Begleitetes Wohnen für Abhängigkeitserkrankte in Kooperation mit der Jugend- und Drogenberatung - Suchthilfe im Vogelsbergkreis
Begleitetes Wohnen in Familien ist eine ambulante Betreuungsform, die es erwachsenen abhängigkeitserkrankten Menschen ermöglicht, außerhalb einer stationären Einrichtung an einem normalen Lebensalltag in einer Gastfamilie teilzunehmen. Ziel ist es, die Klientinnen und Klienten zu einem Leben in größtmöglicher Eigenständigkeit und Selbstbestimmung in allen persönlichen, beruflichen und sozialen Bereichen hinzuführen.

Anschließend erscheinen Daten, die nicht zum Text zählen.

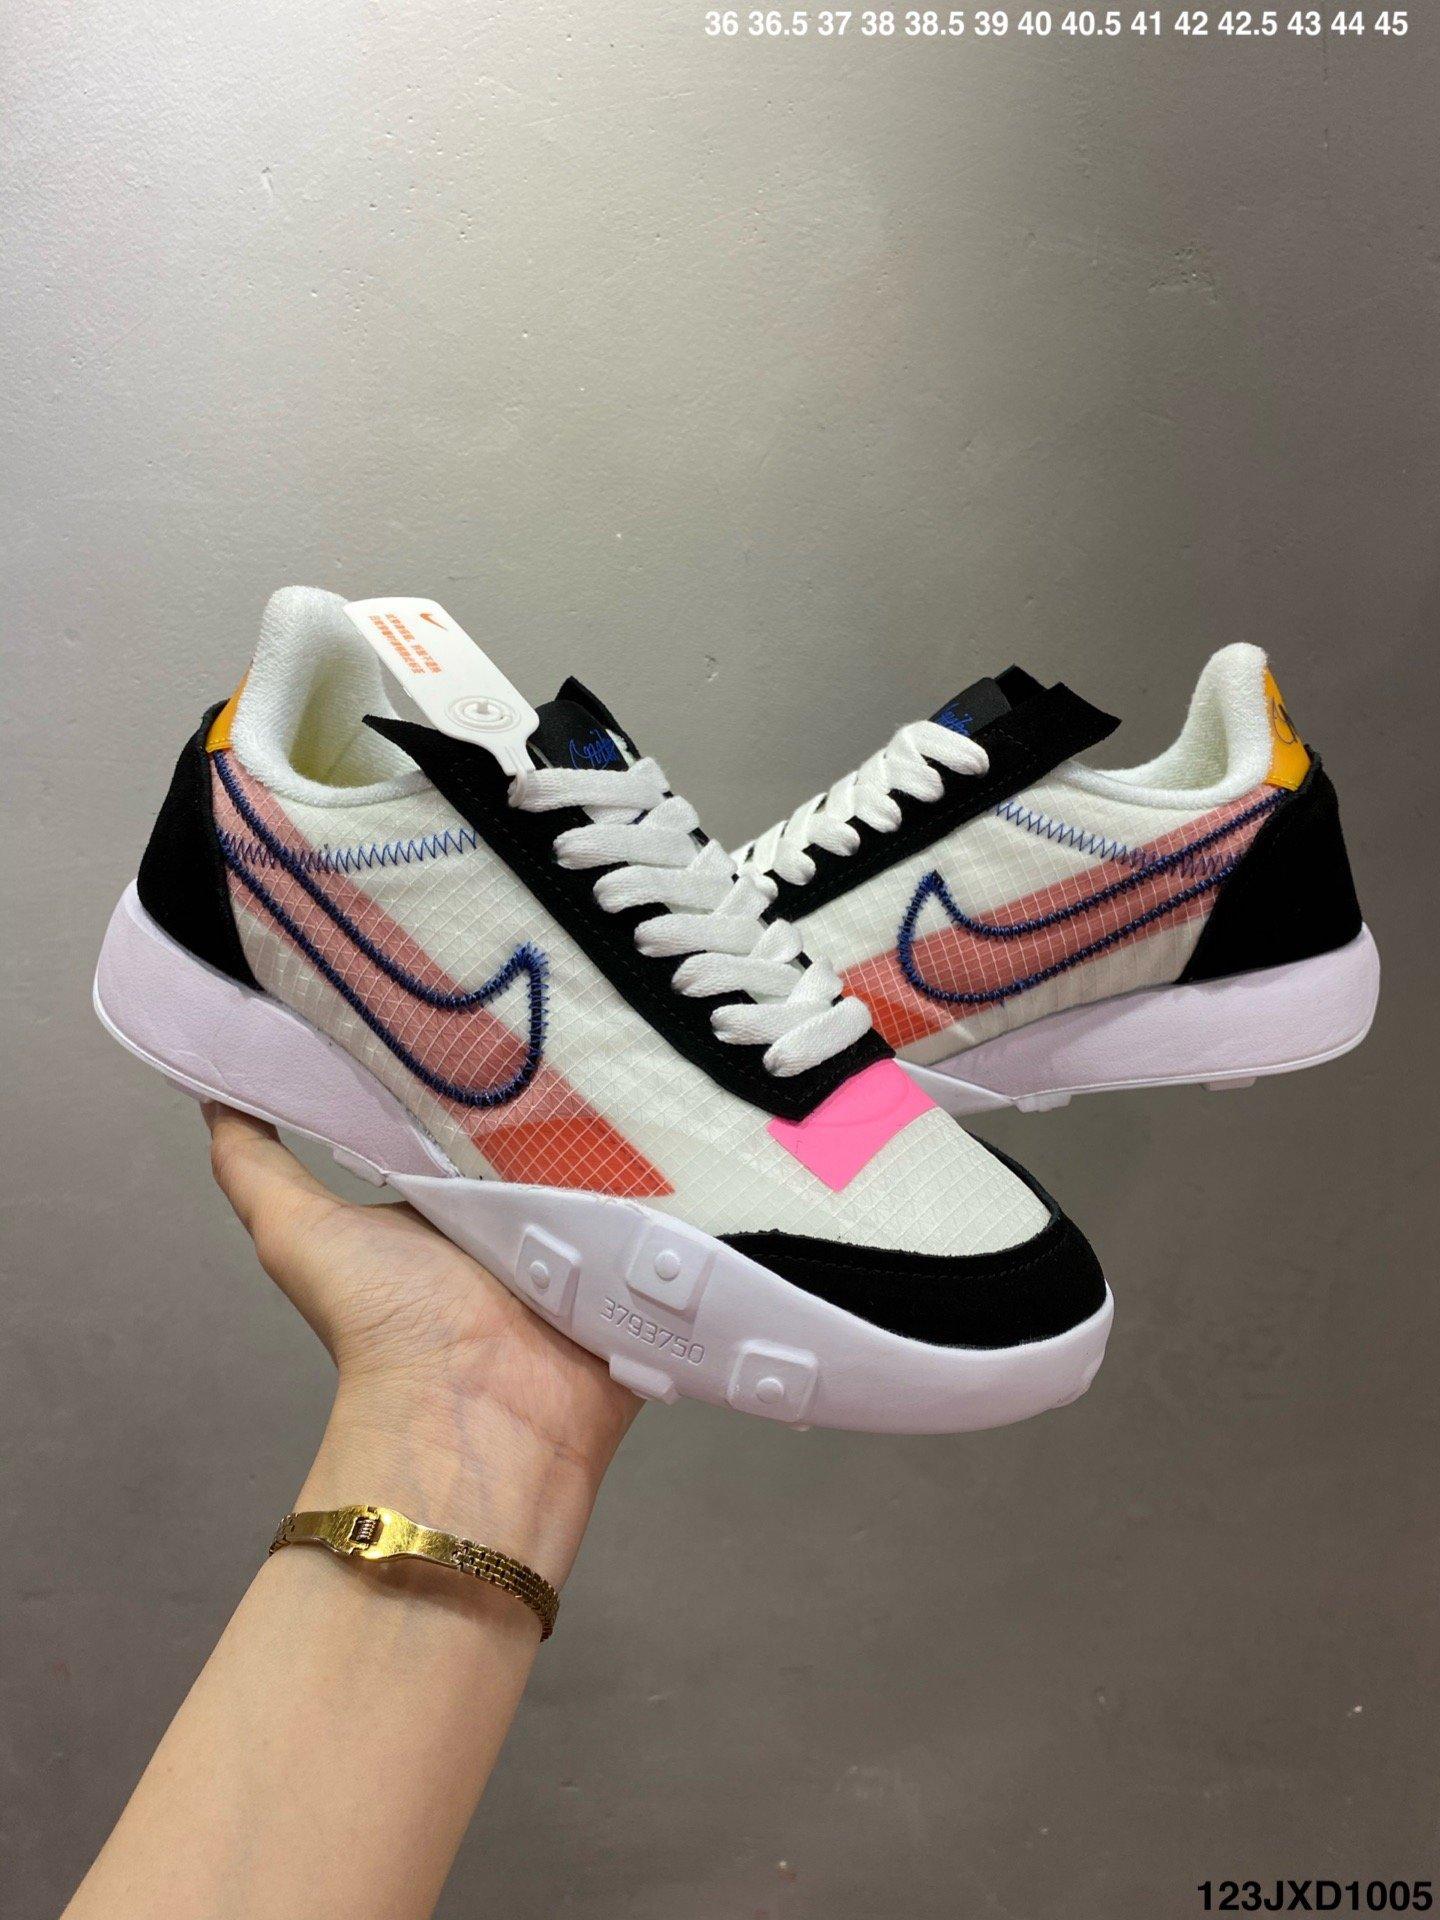 05104722507 - 运动鞋, 跑步鞋, Swoosh, Racer, Nike Waffle Racer 2X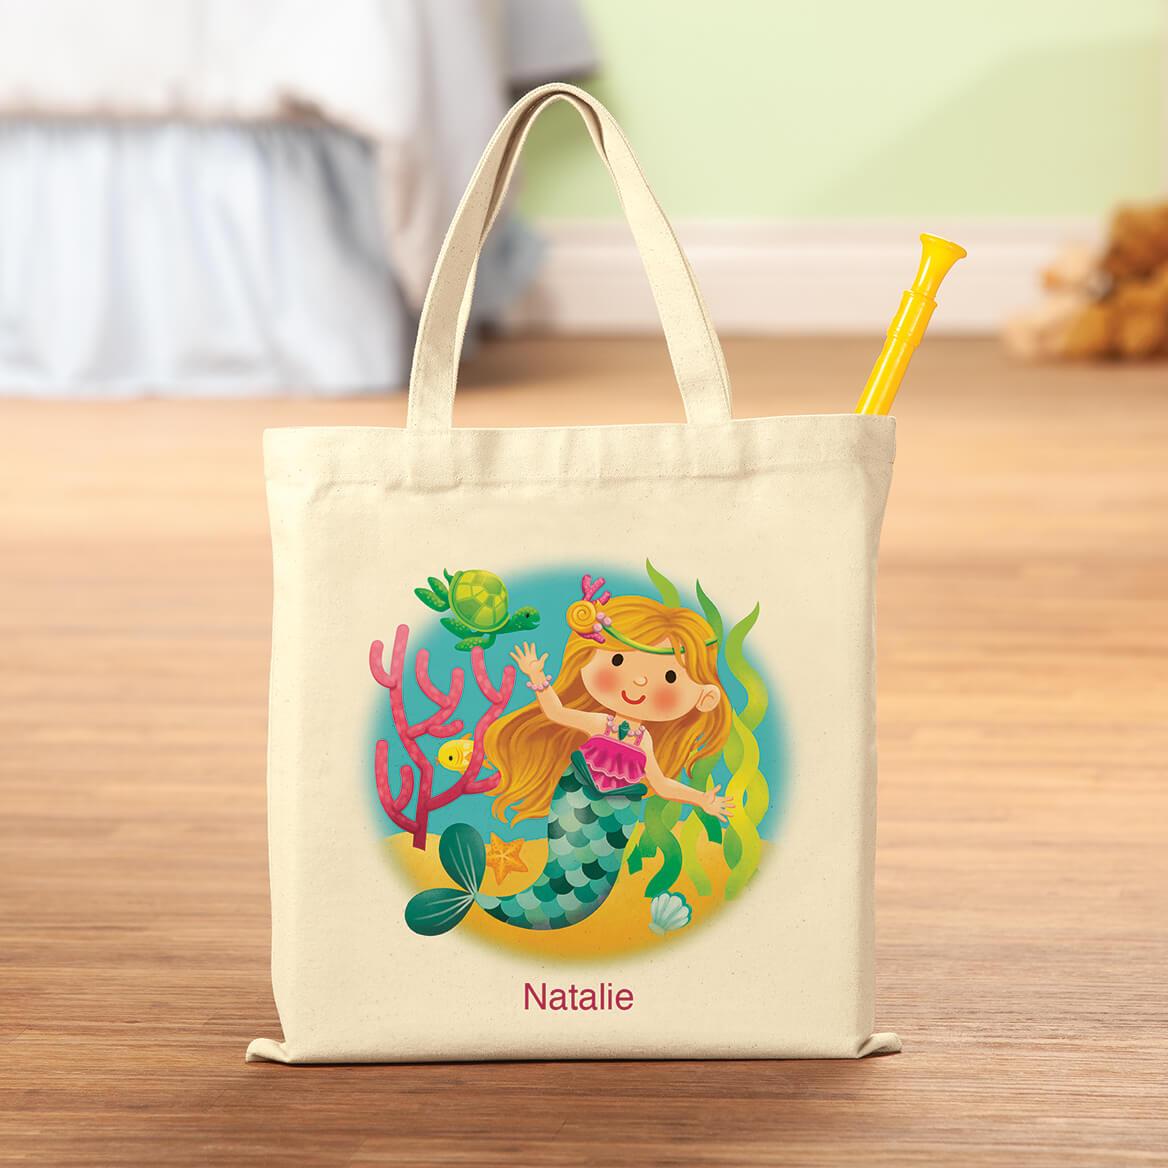 Personalized Mermaid Tote-369512

An wen richtet sich dieses Angebot?
Das Begleitete Wohnen kommt für erwachsene Menschen im Sinne des § 53 SGB XII in Betracht, die nicht
- allein in einer Wohnung bzw. im Betreuten Wohnen leben können
- von ihren Familien betreut werden (können)
und ansonsten stationär in einer Einrichtung versorgt werden müssten.
Das Angebot gilt auch für suchtkranke Menschen, die bereits in stationären Einrichtungen leben und dieser Form der Hilfe nicht (mehr) bedürfen.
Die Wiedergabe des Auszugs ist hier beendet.